PREFACE.

I should explain that, in the present Essay, I have restricted myself to associations which had for their object the regulation of trade. Frith Gilds and Religious or Social Gilds have received only passing notice.

The Merchant Gild is too wide a subject to be treated in an Essay such as this. Moreover the records of the Shrewsbury Merchant Gild are too meagre to afford much information, and I would therefore have gladly passed over the whole question in silence but that without some notice of it the Essay would have seemed incomplete.

My attention has thus been concentrated on the Craft Gilds, and on the later companies which arose out of these.

It is greatly to be regretted that we have no work on Gilds which deals with the subject from an English point of view, and traces the development of these pre-eminently English institutions according to its progress on English soil.

The value of Dr Brentano’s extremely able Essay is very largely diminished, for Englishmen, not only because he is continually attempting to trace undue analogies between the Gilds and Trades Unions, but still more because he has failed to appreciate the spirit which animated English Merchants and Craftsmen in their relations with one another, and so has missed the line of Gild development in England. If he had not confined his attention, so far as English Gilds are concerned, solely to the London Companies he could hardly have failed to discover his mistake.

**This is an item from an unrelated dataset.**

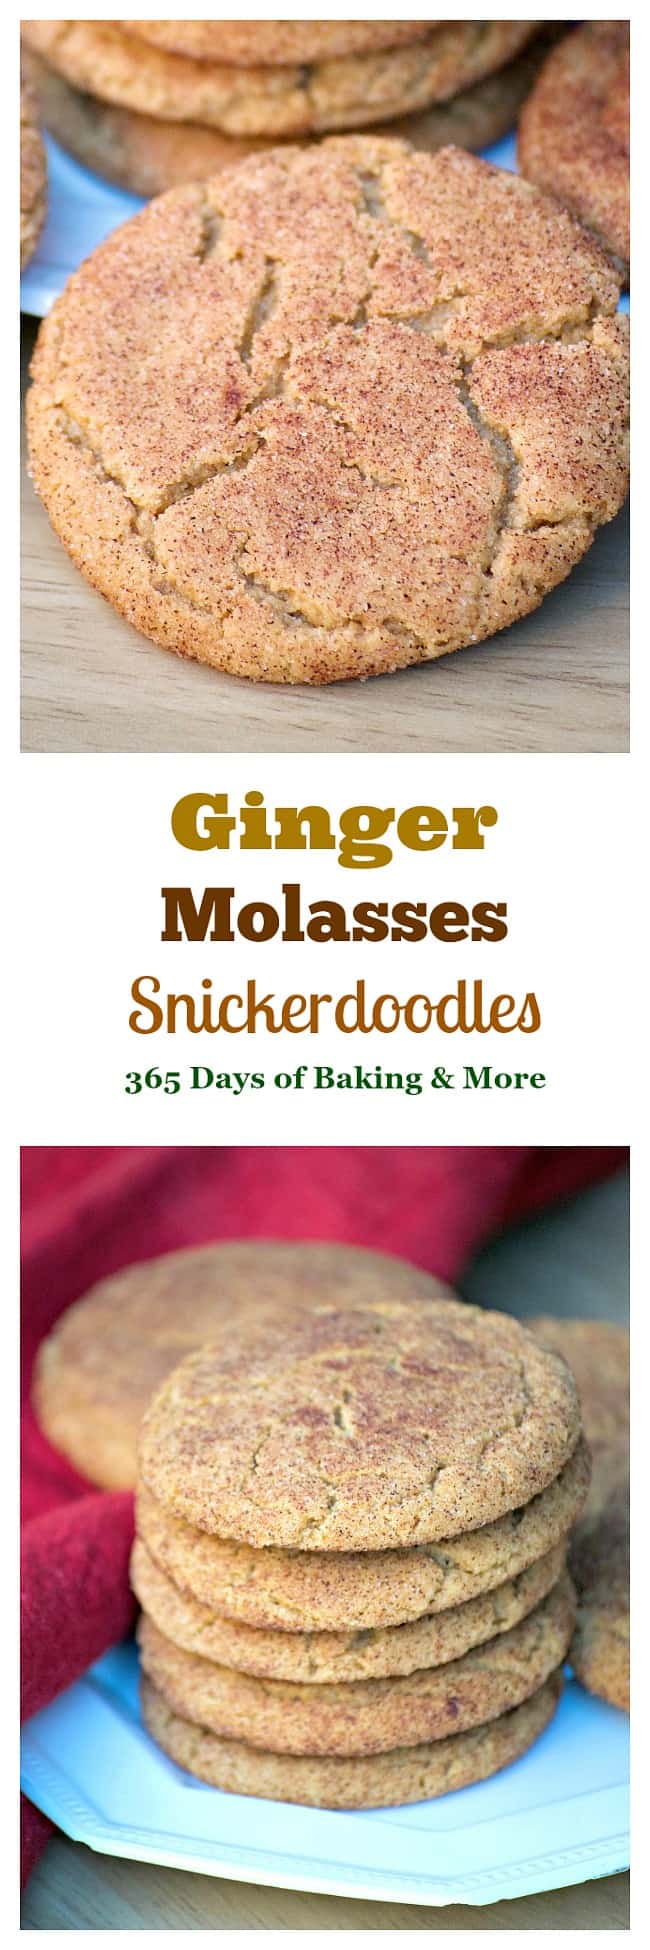 These Ginger Molasses Snickerdoodles are chewy cinnamon sugar cookies with the addition of ginger and molasses - the perfect Snickerdoodle for the holidays!

Something has been done to set the facts of the case in a clearer light by Dr Cunningham briefly in his Growth of English Industry and Commerce[1].

But it is to be feared that Mr J. R. Green’s History is so deservedly popular, and Mr George Howell’s Conflicts of Capital and Labour is so otherwise reliable, that views differing from those which these writers set forward—following Dr Brentano as it appears—stand little chance of being generally known.